Разумеется, в религиозных высказываниях царит заблуждение, но даже и в них перед нами не чистая фантазия и не абсолютная необоснованность, как полагает рационалистическая и современная гордыня. Первобытная религия не подчинена капризам, фантомам и фантазмам, от которых мы сами свободны. Ей попросту не удается найти механизм жертвы отпущения, как никогда не удавалось и нам. Непрерывность все той же неудачи, общность между нашим и первобытным мышлением и заставляет нас считать последнее предельно отличающимся от нашего, тогда как в реальности они совершенно схожи.
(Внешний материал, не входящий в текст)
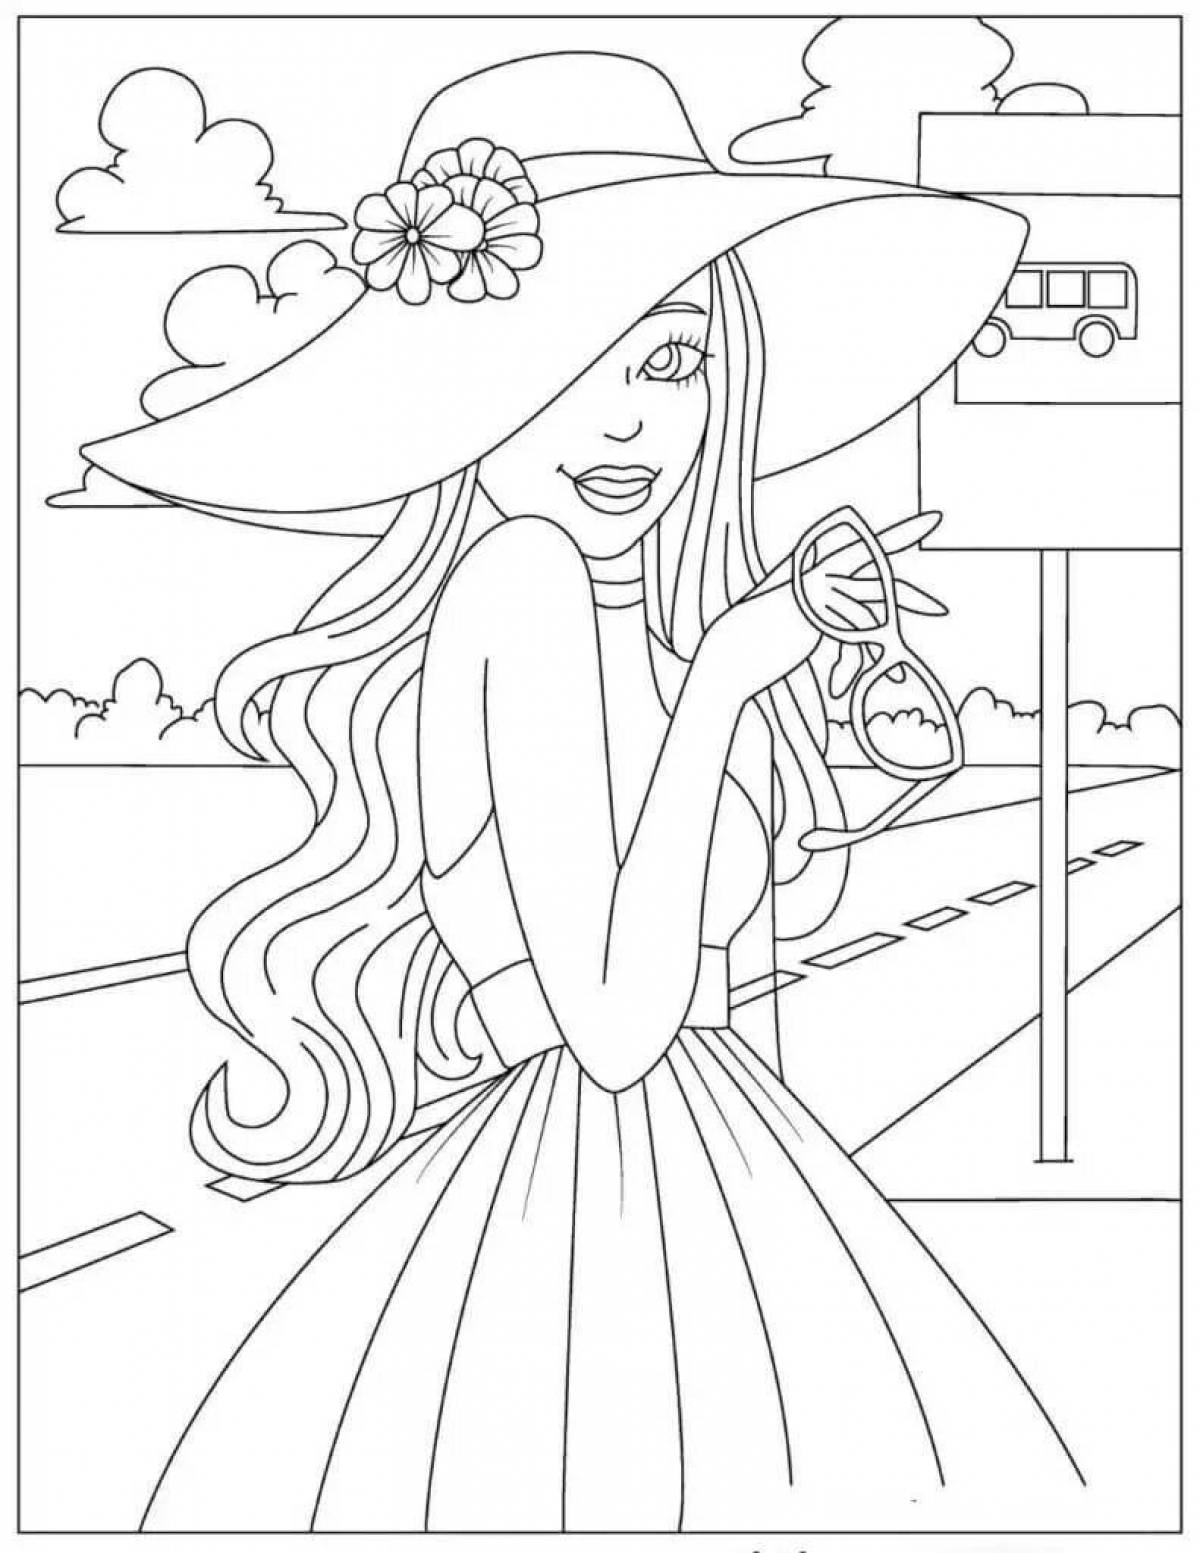 Playful barbie coloring book for kids 5-6 years old

Высокомерие по отношению к первобытности есть не что иное, как продленная первобытность, то есть бесконечно длящееся непонимание жертвы отпущения.

Тот факт, что учредительный процесс играет первостепенную роль в первобытной жизни, тогда как в нашей внешне стушевался, радикально меняет нашу жизнь и наше познание, но абсолютно не меняет фундаментального непонимания, которое продолжает нами править и нас защищать от собственного насилия и от знания об этом насилии. Длящаяся первобытность и заставляет нас называть фантазмами все, что могло бы нас просветить при чуть более внимательном взгляде; длящаяся первобытность и запрещает нам признать, что ложное, даже в религиозном плане, отнюдь не совпадает с грубой ошибкой и что именно оно не дает людям друг друга истребить.
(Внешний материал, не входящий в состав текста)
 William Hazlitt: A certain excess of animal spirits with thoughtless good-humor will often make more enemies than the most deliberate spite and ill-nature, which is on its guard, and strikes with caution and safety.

Люди зависят от жертвы отпущения еще сильнее, чем мы предполагали до сих пор; именно она, обеспечив им необходимую защиту от насилия, затем дает им импульс к завоеванию реальности и инструмент всех их интеллектуальных побед. Мифы символического мышления похожи на сотканный личинкой кокон: без такого убежища она бы не смогла вырасти.
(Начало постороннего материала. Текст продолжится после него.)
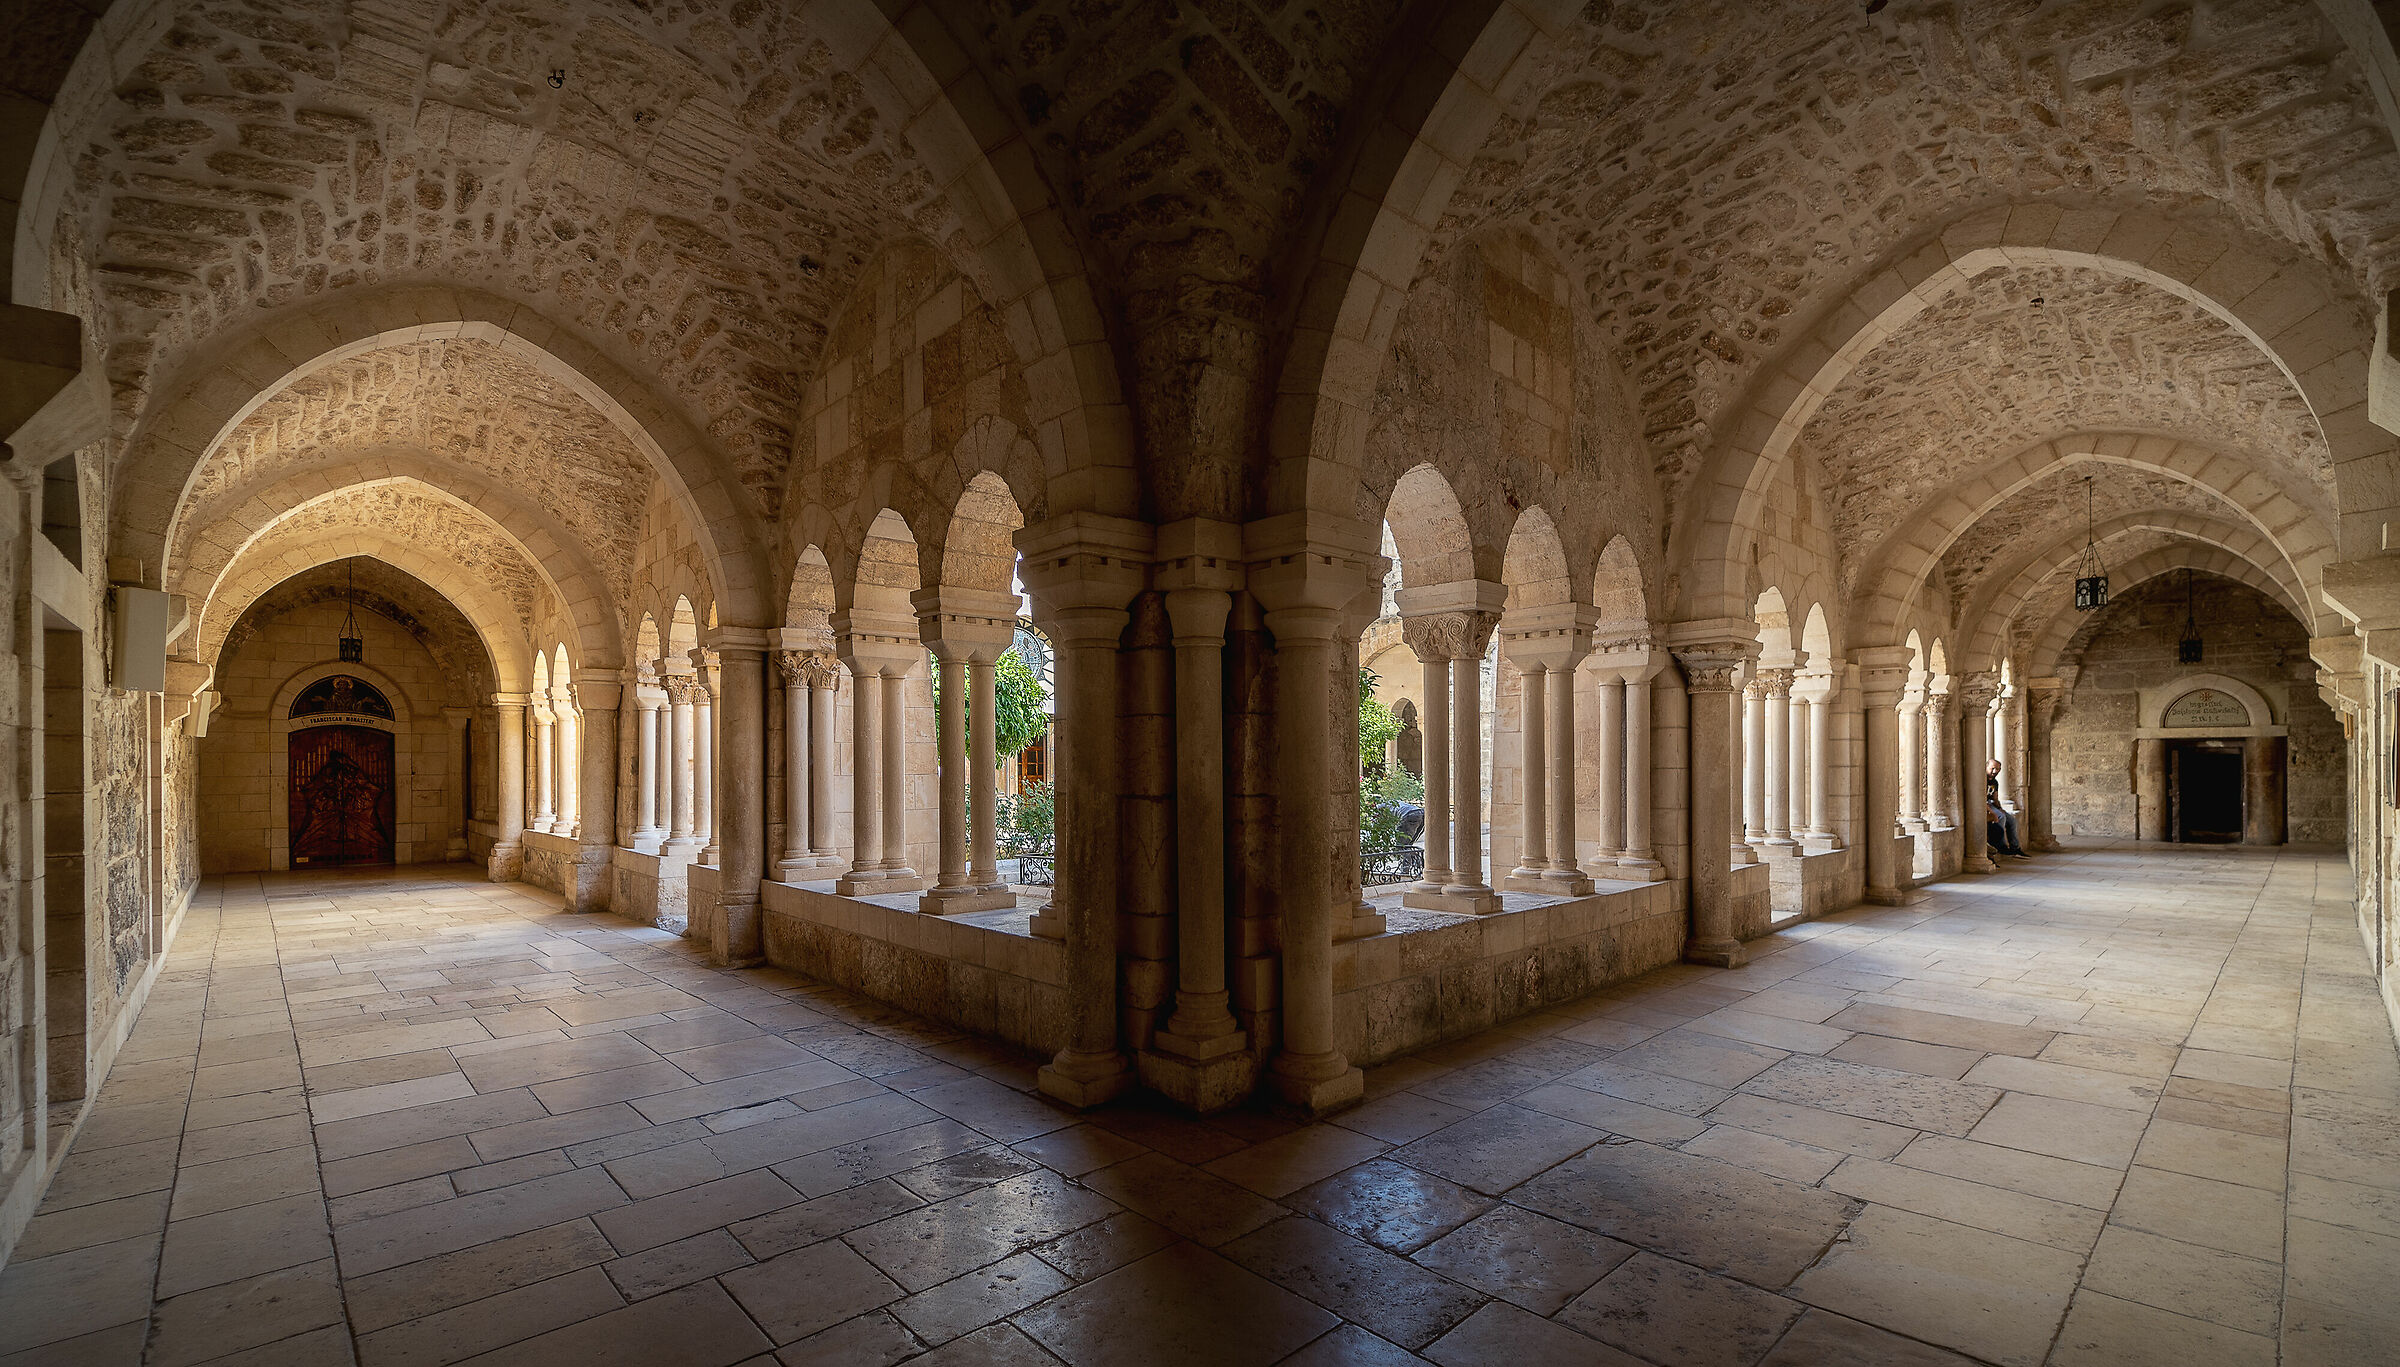 The cloister of the Church of St. Catherine...

Чтобы объяснить огромную долю произвольного в первобытных культурах, нужно поместить их ближе, нежели наше общество, к учредительному произволу, и эта близость есть не что иное, как их меньшая по сравнению с нами историчность. Нужно предположить, что в этом произволе есть избыточность, что он обильно порождает различия в рамках процесса, ослабленный образ которого, быть может, можно увидеть и в исторических обществах, всякий раз как после периода хаотичного возбуждения они делают резкий поворот и замирают в иератической и застывшей форме, разделенной на строго изолированные отсеки. Не требуя от этой аналогии слишком многого, можно допустить, что общества со сложными перегородками, вынужденные заново вытверживать языки ритуала и родства, менее удалены (это удаление не следует понимать в строго временном смысле) от установившего порядок изначального переворота, нежели общества более подвижные, где сильнее сглажена систематичность социального порядка. Если вездесущее и жесткое различие — отец стабильности, оно, разумеется, не благоприятствует интеллектуальным поискам и, конкретнее, познанию истоков самой культуры.

Для открытий относительно собственной культуры нужно, чтобы ритуальная жесткость уступила место проворству мышления, использующему те же механизмы, что и религия, но с неведомой для религии гибкостью. Нужно, чтобы культурный порядок начал распадаться, чтобы избыток различий рассосался, но чтобы это рассасывание не привело к слишком интенсивному насилию, а оно, в свою очередь, — к новому дифференцирующему пароксизму. По недоступным нам причинам в первобытных обществах эти условия никогда не выполняются. Начавшись, цикл насилия завершается так быстро, что, судя по всему, не приводит ни к каким серьезным последствиям в плане познания.